See this example: http://coliru.stacked-crooked.com/a/048b4aa5046da11b

In this example the function is called recursively.
During each call a pointer to that local areay is appended to a static array of 
pointers.
Should a new instance of that local array of const int be created every time, 
abort() will never be called.
Since calling a library function is observable behavior, clang's optimization 
has effectively changed that program's behavior. Hence I think it is wrong.

[code]
#include <stdlib.h>

static const int *ptrs[2];
static unsigned recur;

void foo(){
  const int a[] = {0,1,2,3,4,5,6,7,8,9};
  ptrs[recur] = a;
  if(recur == 0){
    ++recur;
    foo();
  }
  if(ptrs[0] == ptrs[1]){
    abort();
  }
}

int main(){
  foo();
}
[/code]

------------------                               
Best regards,
lh_mouse
2016-04-21

-------------------------------------------------------------
发件人:Jonathan Wakely <jwakely....@gmail.com>
发送日期:2016-04-21 01:51
收件人:lh_mouse
抄送:Bingfeng Mei,gcc
主题:Re: Why does gcc generate const local array on stack?

On 20 April 2016 at 18:31, lh_mouse wrote:
> I tend to say clang is wrong here.

If you can't detect the difference then it is a valid transformation.

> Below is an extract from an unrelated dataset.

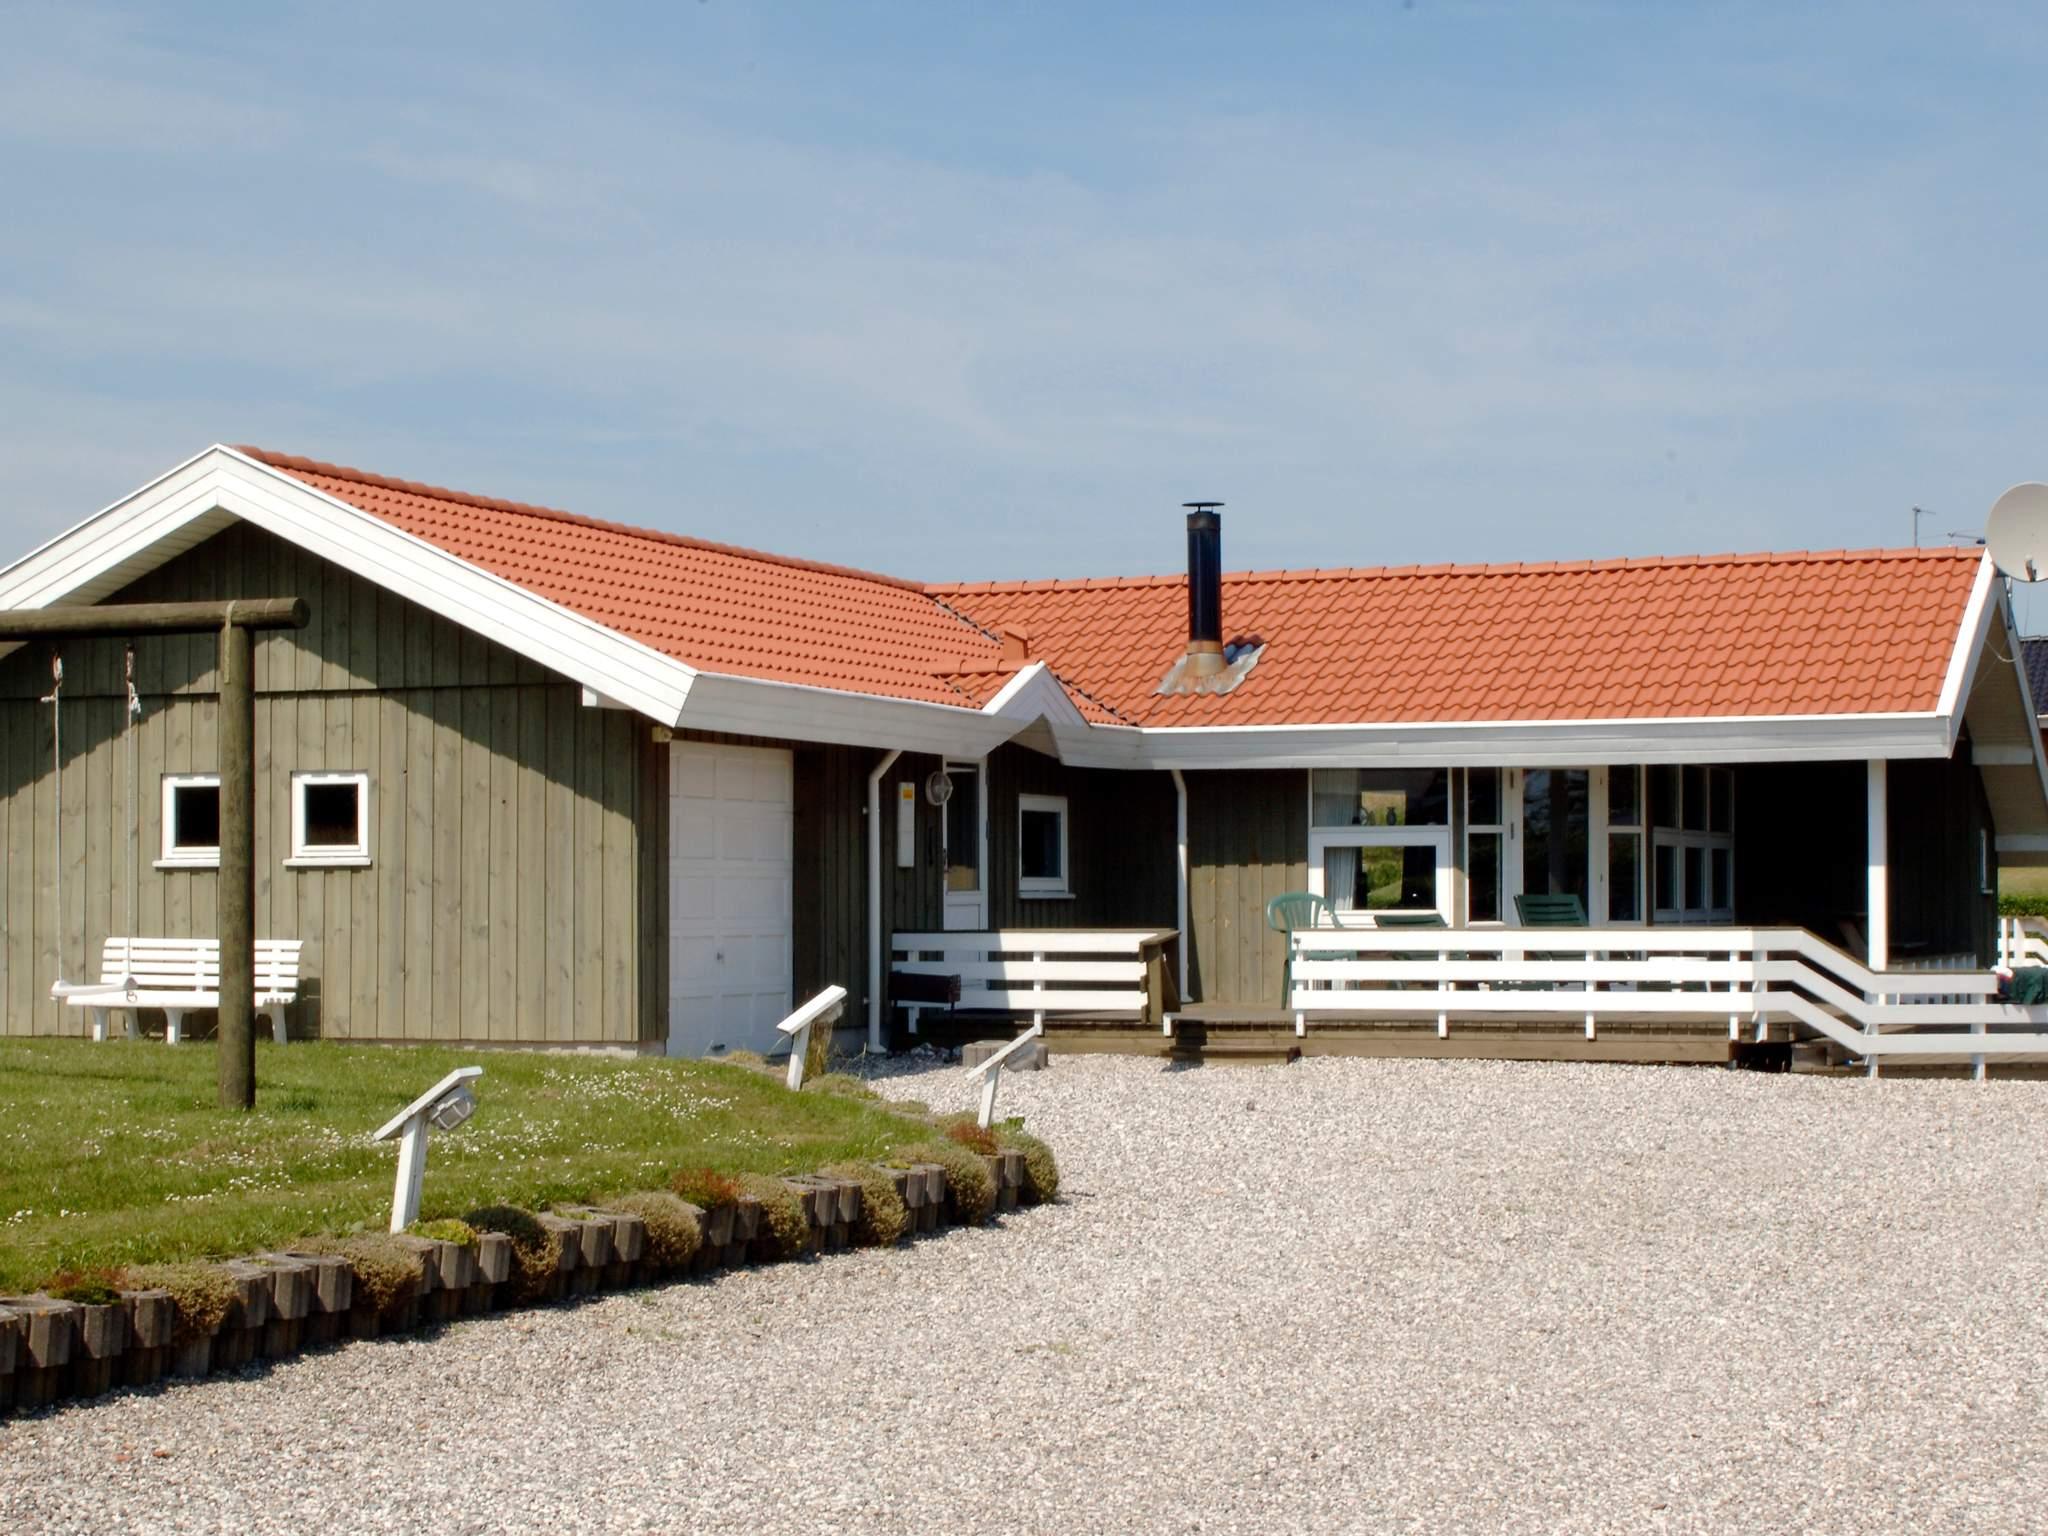 Ferienhaus Mørkholt (125852), Mørkholt, , Ostjütland, Dänemark, Bild 14

> Your identifier 'a' has no linkage. Your object designated by 'a' does not 
> have a storage-class specifier.
> So it has automatic storage duration and 6.2.4/7 applies: 'If the scope is 
> entered recursively, a new instance of the object is created each time.'

How do you tell the difference between a const array that is recreated
each time and one that isn't?

> Interesting enough, ISO C doesn't say whether distinct objects should have 
> distinct addresses.
> It is worth noting that this is explicitly forbidden in ISO C++ because 
> distinct complete objects shall have distinct addresses:

If the object's address doesn't escape from the function then I can't
think of a way to tell the difference.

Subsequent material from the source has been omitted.